Die Therapie der Schuppenflechte verfolgt drei Ziele: Zum einen soll die verdickte Hornschicht der Haut aufgeweicht und abgelöst werden (Keratolyse). Zum anderen soll die übermäßige Bildung von verhornten Hautzellen und die Entzündungsreaktion reduziert werden. Die äußerliche Anwendung von Wirkstoffen wie Harnstoff und Salicylsäure führt zur Keratolyse und bildet die Basistherapie für alle Betroffenen. Der Einsatz weiterer Medikamente richtet sich bei der Schuppenflechte nach dem Schweregrad der Hautveränderungen.

Bei leichten Verlaufsformen ist in vielen Fällen eine rein äußerliche (topische) Behandlung ausreichend. Neben den genannten Wirkstoffen zur Keratolyse kommen entzündungshemmende Wirkstoffe wie Betamethason oder Calcipotriol zum Einsatz. Teerähnliche Wirkstoffe wie Dithranol können die übermäßige Bildung von verhornten Hautzellen reduzieren.
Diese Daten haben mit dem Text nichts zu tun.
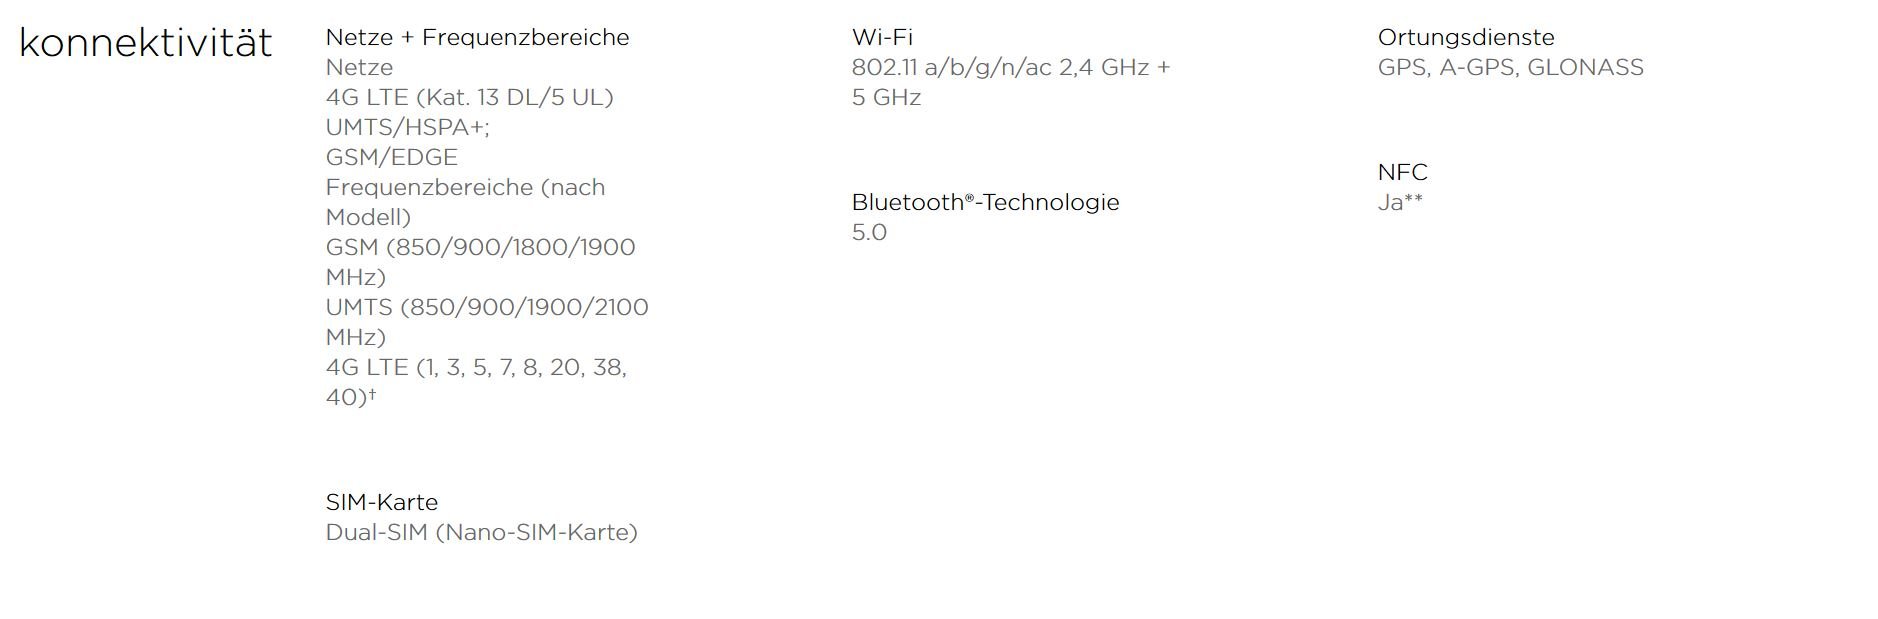 Motorola Moto G6 Plus 64GB Single-SIM (GSM Only, No CDMA) Factory Unlocked 4G Smartphone (Indigo Blue) - International Version

Bei mittelschwerer bis schwerer Ausprägung der Schuppenflechte kann eine sogenannte Phototherapie (griechisch phōs = Licht) durchgeführt werden, um zu Behandlungsbeginn eine schnelle Wirkung zu erzielen. Die Haut der Betroffenen wird dabei mit Licht im Wellenlängenbereich von UV-A- oder UV-B-Strahlung bestrahlt. Die Phototherapie wird auch als Photochemotherapie bezeichnet, wenn sie in Kombination mit Medikamenten angewendet wird. Sie hat eine entzündungshemmende Wirkung und reduziert die übermäßige Neubildung von verhornten Hautzellen, wobei der zugrundeliegende Wirkmechanismus bisher nicht vollständig geklärt ist. Die Phototherapie eignet sich vor allem dann zur Behandlung, wenn die besonders großflächige Hautveränderungen auftreten. Laut aktueller Leitlinie gilt die Behandlung mit UV-B-Licht bei der Phototherapie als Mittel der ersten Wahl.

Häufig wird auch eine sogenannte PUVA-Therapie durchgeführt. PUVA steht dabei für “Psoralen plus UV-A”. Es handelt sich dabei um eine Behandlung, bei der Betroffene äußerlich oder innerlich mit Wirkstoffen wie Psoralen vorbehandelt werden, die die Haut lichtempfindlicher machen und die Wirkung der anschließenden Bestrahlung mit UV-A-Licht verstärken. Kann ein Betroffener mit einer äußerlichen Behandlung oder Phototherapie nicht ausreichend behandelt werden oder sind die Gelenke von der Psoriasis betroffen (Psoriasis-Arthritis), kommen stärker wirksame Medikamente zum Einsatz. Zu diesen zählen Vitamin A-ähnliche Substanzen (Retinoide), Fumarsäure und Wirkstoffe, die das Immunsystem hemmen (Immunsuppressiva) wie Methotrexat und Ciclosporin A.

Tritt auch bei diesen Wirkstoffen keine ausreichende Wirksamkeit ein, können Betroffene mit sogenannten Biologika (Einzahl: Biologikum) als Reservemittel behandelt werden. Diese greifen hemmend in die Signalwege von Immun- und Entzündungsreaktion ein. In Deutschland sind die Biologika Infliximab und Adalimumab zur Behandlung der Schuppenflechte zugelassen.